Gee How great is that!
They should levy the maximum fine against everyone they can. (Wipe out the deficit quite a bit). Most of the things I wanted existed on the internet prior everyone turning into greedy scumbags.
If you want to do it then do it properly server side.
If there was a search engine that only allowed content that didn't use ad's or cookies I would definitely use it.
(The content providers who complain about the useless drivel they just get from other sites really irritate me.)
If people want a police state it should apply universally not just to easy targets.
Violation of this law is just the same technically as me uploading goatse to peoples machines. Surely it should be covered under not installing files on peoples computers without permission.
(Computer misuse act or whatever).
The thing Google does (did ?) certainly should be a crime to get around the Safari no cookies thing.
Itunes seems to have a habit of doing all sorts of crap in the background of computers.

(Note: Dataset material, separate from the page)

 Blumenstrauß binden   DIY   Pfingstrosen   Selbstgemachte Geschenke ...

Facebook itself is more of a problem than the purpotrator of - http://forums.theregister.co.uk/forum/latest/2012/05/17/facebook_account_hacker_jailed/
British culture is a lost cause.
The individual is meaningless for the purposes of website analytics and targeted advertising, the movements of a single user whilst of academic interest it is actually the movement of the ' herd ' as whole that influences changes. Tagging every one of them using a cookie, pixel gif, HTML5 storage,Etag and a slew of other methods is just a waste of bandwidth.

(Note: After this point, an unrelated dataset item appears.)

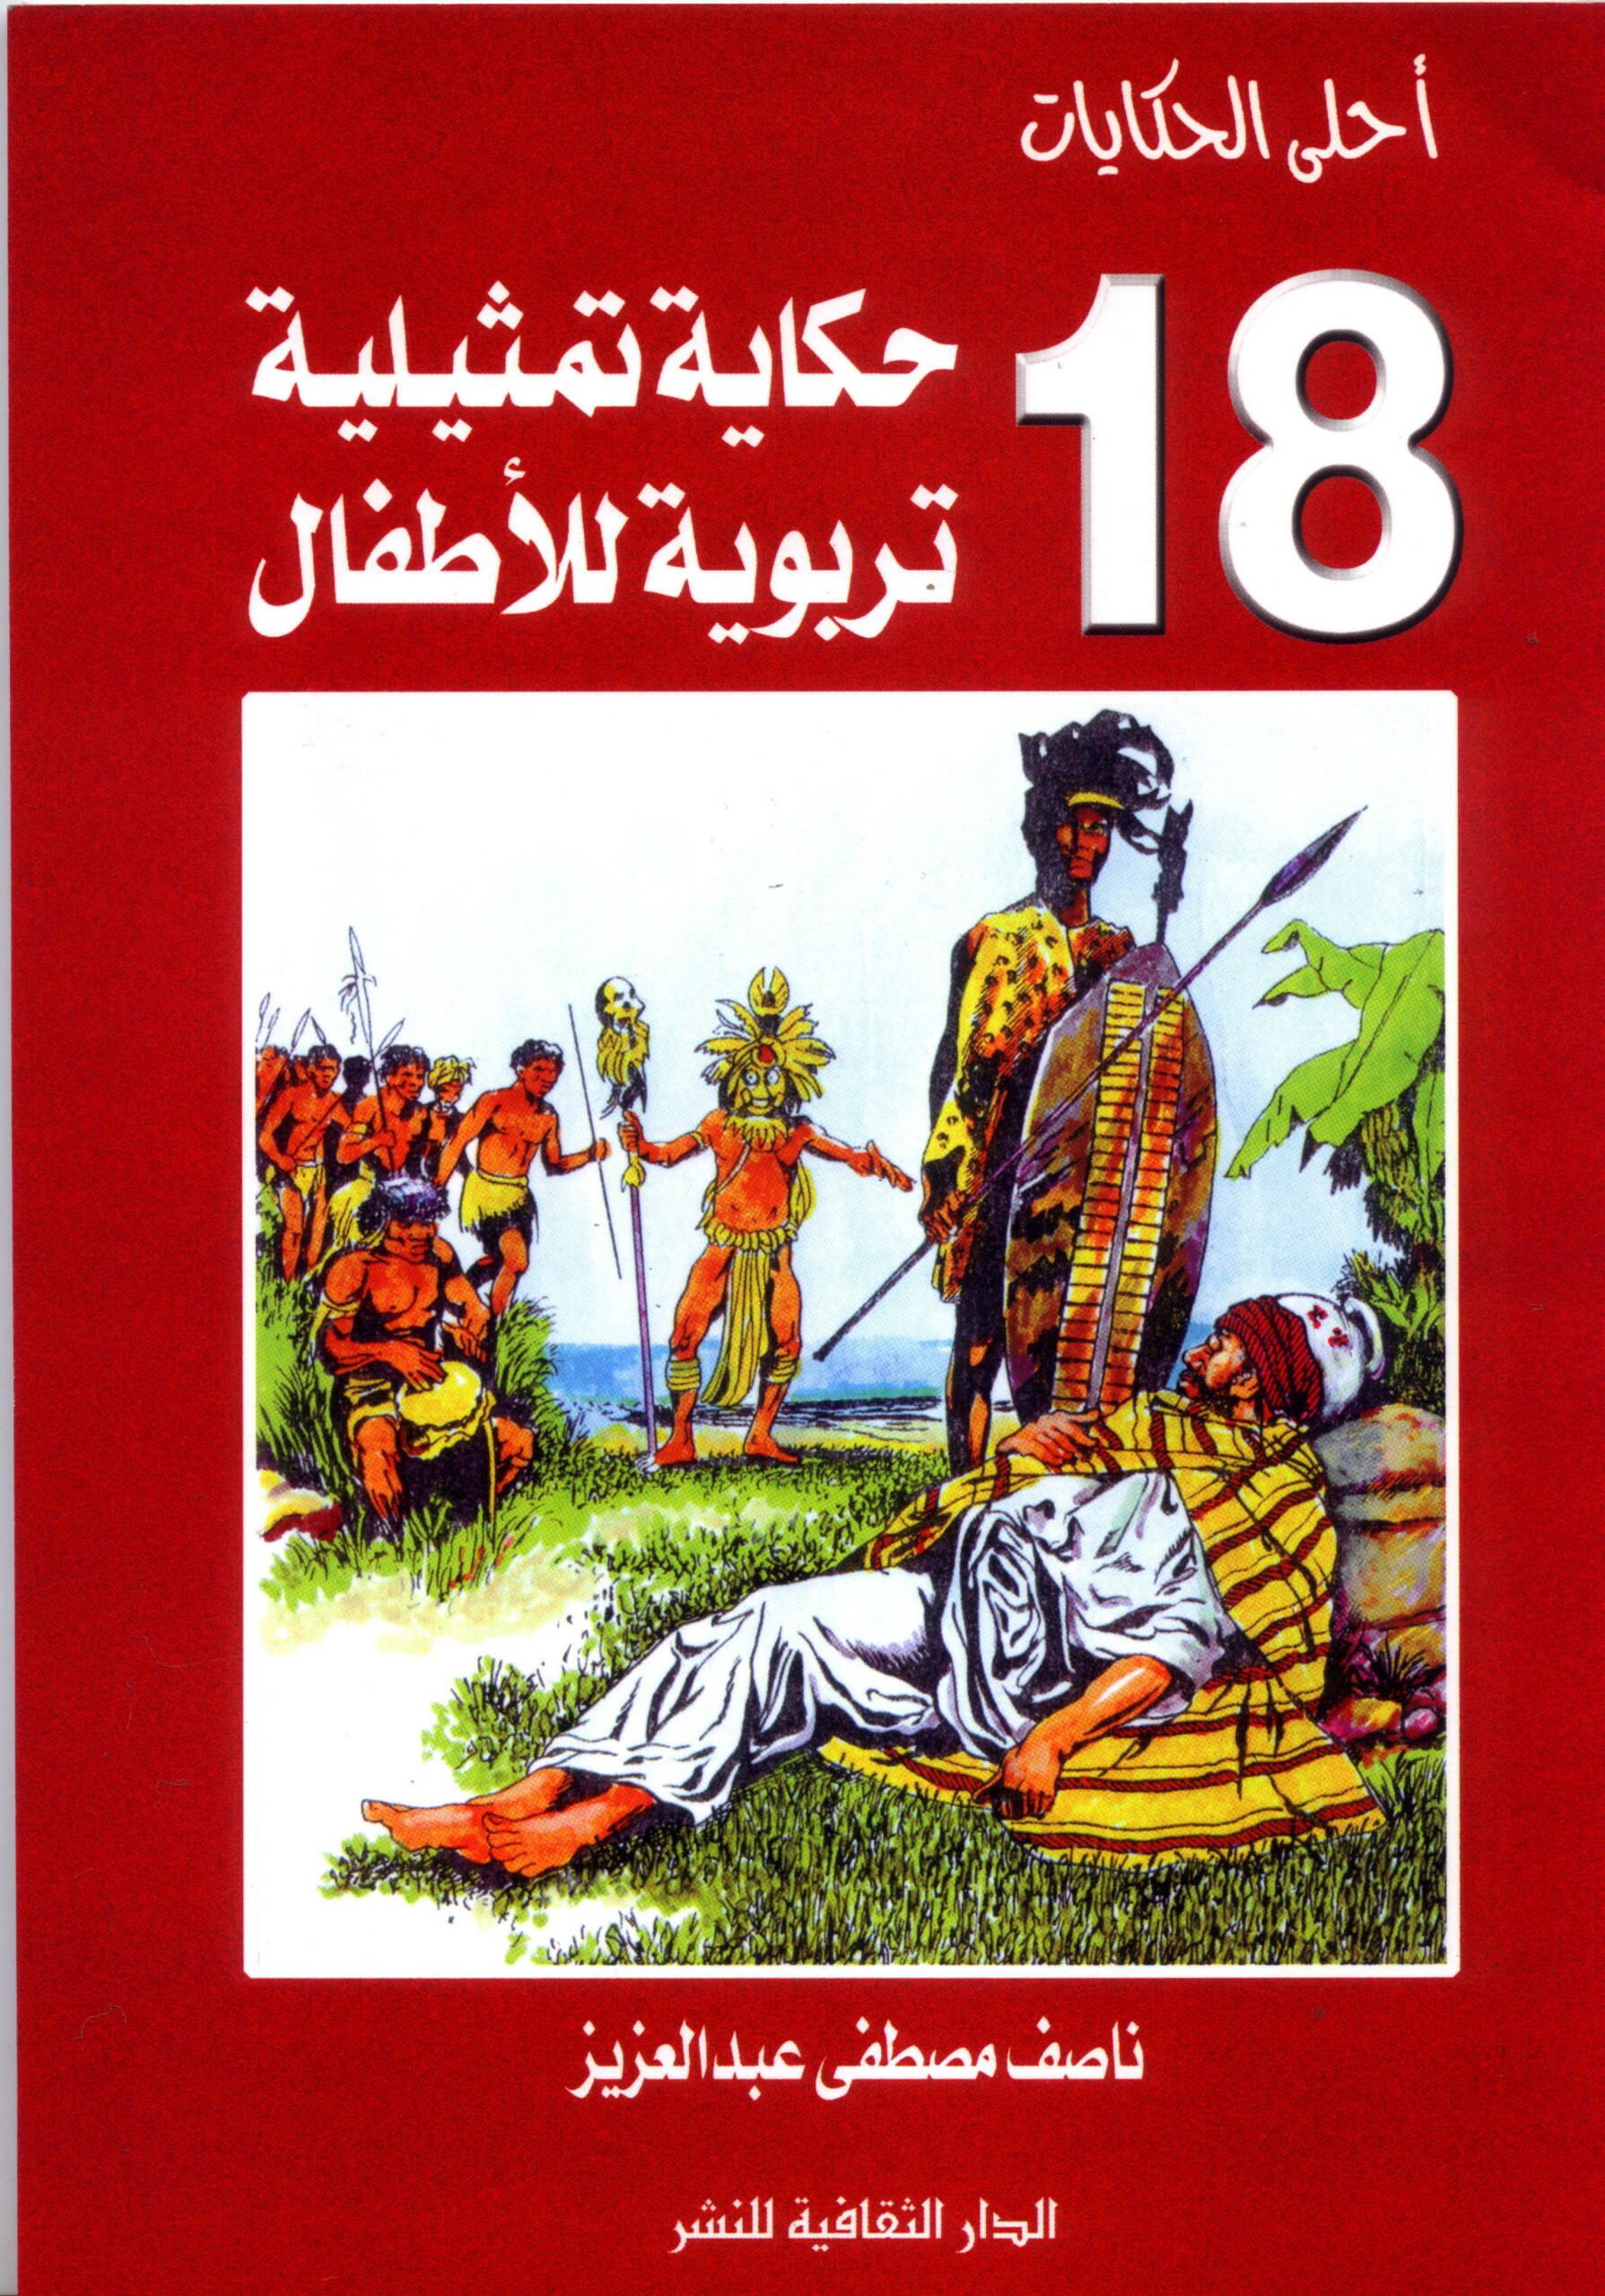 أحلى الحكايات – ثمانية عشر حكاية تمثيلية تربوية للأطفال

Besides, even without cookies chances are good a visitor can still be tracked. https://panopticlick.eff.org/ fess up if tells you your PC is unique!
In closing something else to consider is the Phorm debacle, whilst this was swiftly exterminated by the groundswell of the public at large being outraged its almost identical data collecting twin in the form of services like Cloudlflare have gone largely unnoticed by privacy advocates.